Me embarga un alto índice de indignación recibir en la calle, en el cine, el parque, la heladería, el mercado o supermercado, en el carrito público, el taxi, autobús, motoncho, en un barco o avión, la reticente actitud hacia las personas en edad avanzada.
¿De dónde proviene esa conducta de asumir como que todos no llegaremos a una edad en donde necesitaremos de asistencia?
Cada generación queda marcada por los inexorables eventos sociales y políticos que nos dictan ciertos parámetros a seguir, usualmente sin consulta previa e irónica legislación alguna.

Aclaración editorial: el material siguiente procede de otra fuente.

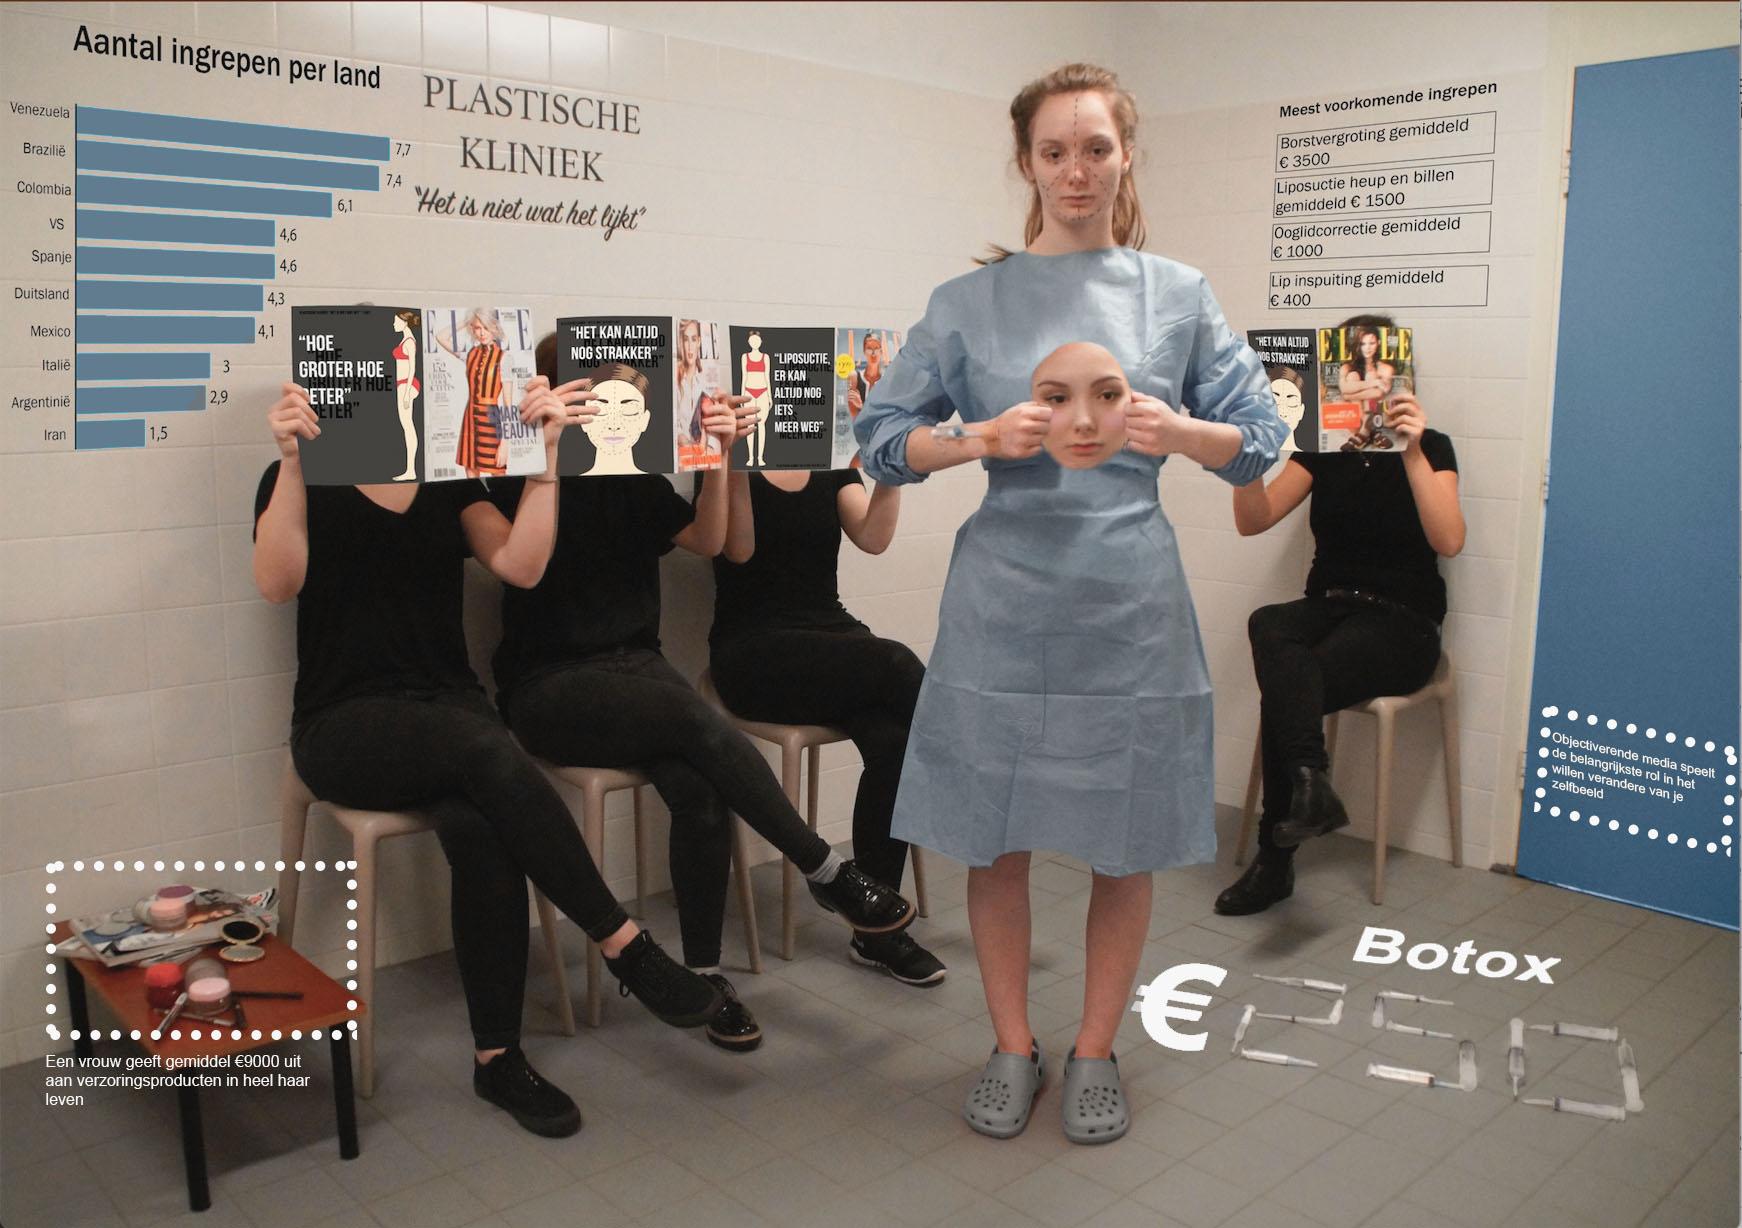 Verzorgingstehuis wordt tijdelijk 'botoxkliniek'
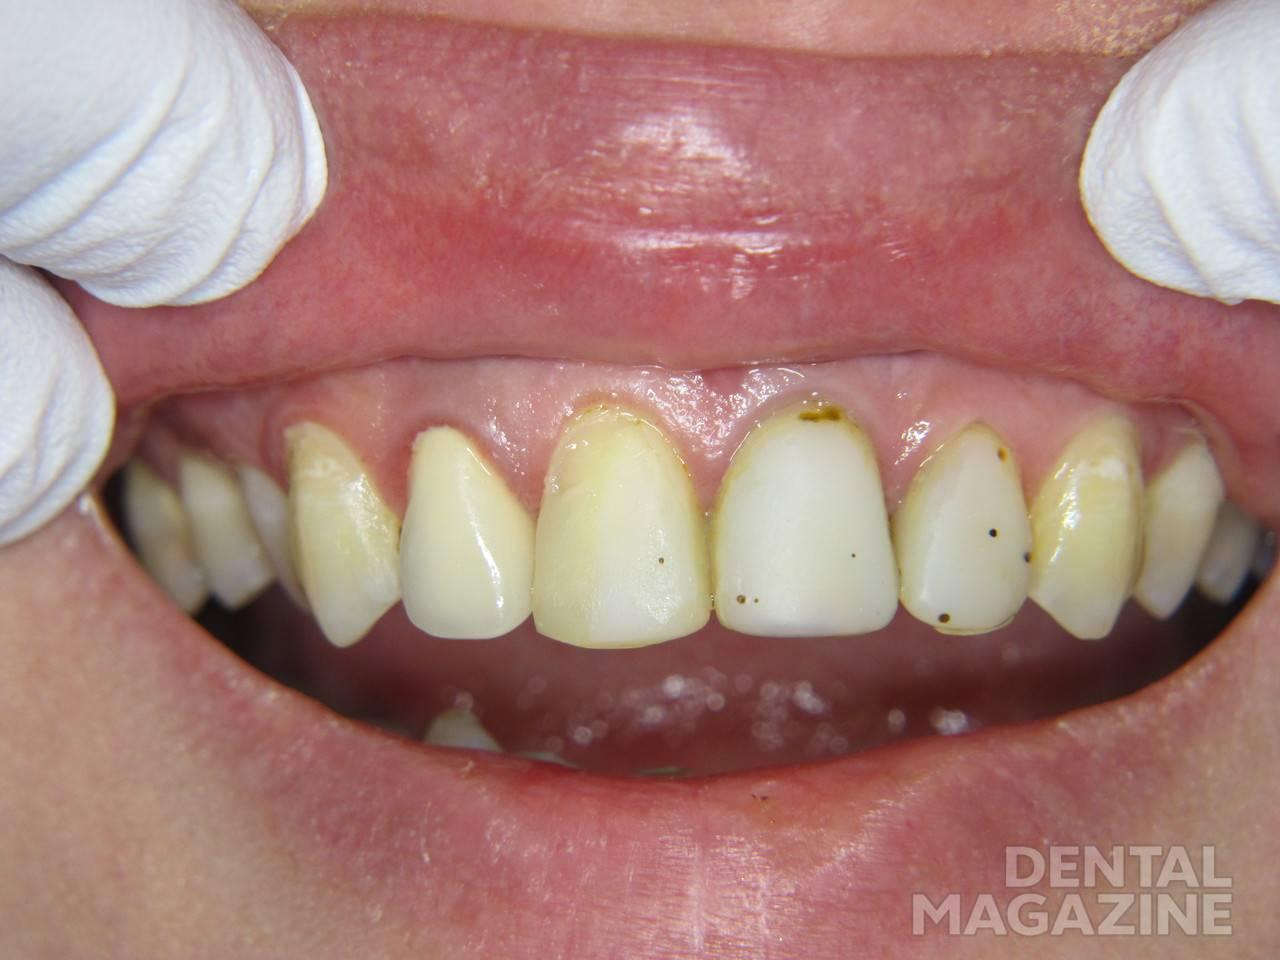 Рис. 1. Зубы 1.1, 2.1 и 2.2: исходная ситуация.

Se siente tal cual si fuésemos ciudadanos de aquella novela de 1967 de ciencia ficción escrita por William F. Nolan y George Clayton Johnson, llamada «Fuga en el Siglo XXIII» (que adaptaron al cine en 1976 y ésta inspiró una serie de TV de 14 capítulos en 1977), en donde una sociedad distópica (alegadamente ambientada en 2116), describe una sociedad formada exclusivamente por jóvenes de hasta 21 años, que deben entregarse al llegar a esa edad para ser dormidos en un sueño inducido.
Los que no se entregan son perseguidos por los Vigilantes, con permiso para matar a los fugitivos con un arma dotada de distintos tipos de proyectiles. El control de la edad se efectúa mediante una flor «colocada» en la mano de cada persona al nacer, y cambia de color hasta llegar al negro, que marca el momento de cumplir la edad máxima permitida.
La novela que fuertemente navegaba el auge del debate sobre el control de la natalidad y aparecían los primeros superordenadores, se nutrió de un concepto en que no se innova ni en productos ni en ideas (sólo se usan conocimientos, no hay investigación), muy liberal en el sexo y en el consumo de drogas (controlado este para no producir adicción) pero férreamente dirigido por una suerte de totalitarismo de una máquina, El Pensador, en la que se confiaba ciegamente, para asumir que lo mejor de la vida acontece en la juventud estaba condenado a fracasar por la superpoblación y el miedo de los «mayores» (adultos mayores llamados ahora) a los cambios.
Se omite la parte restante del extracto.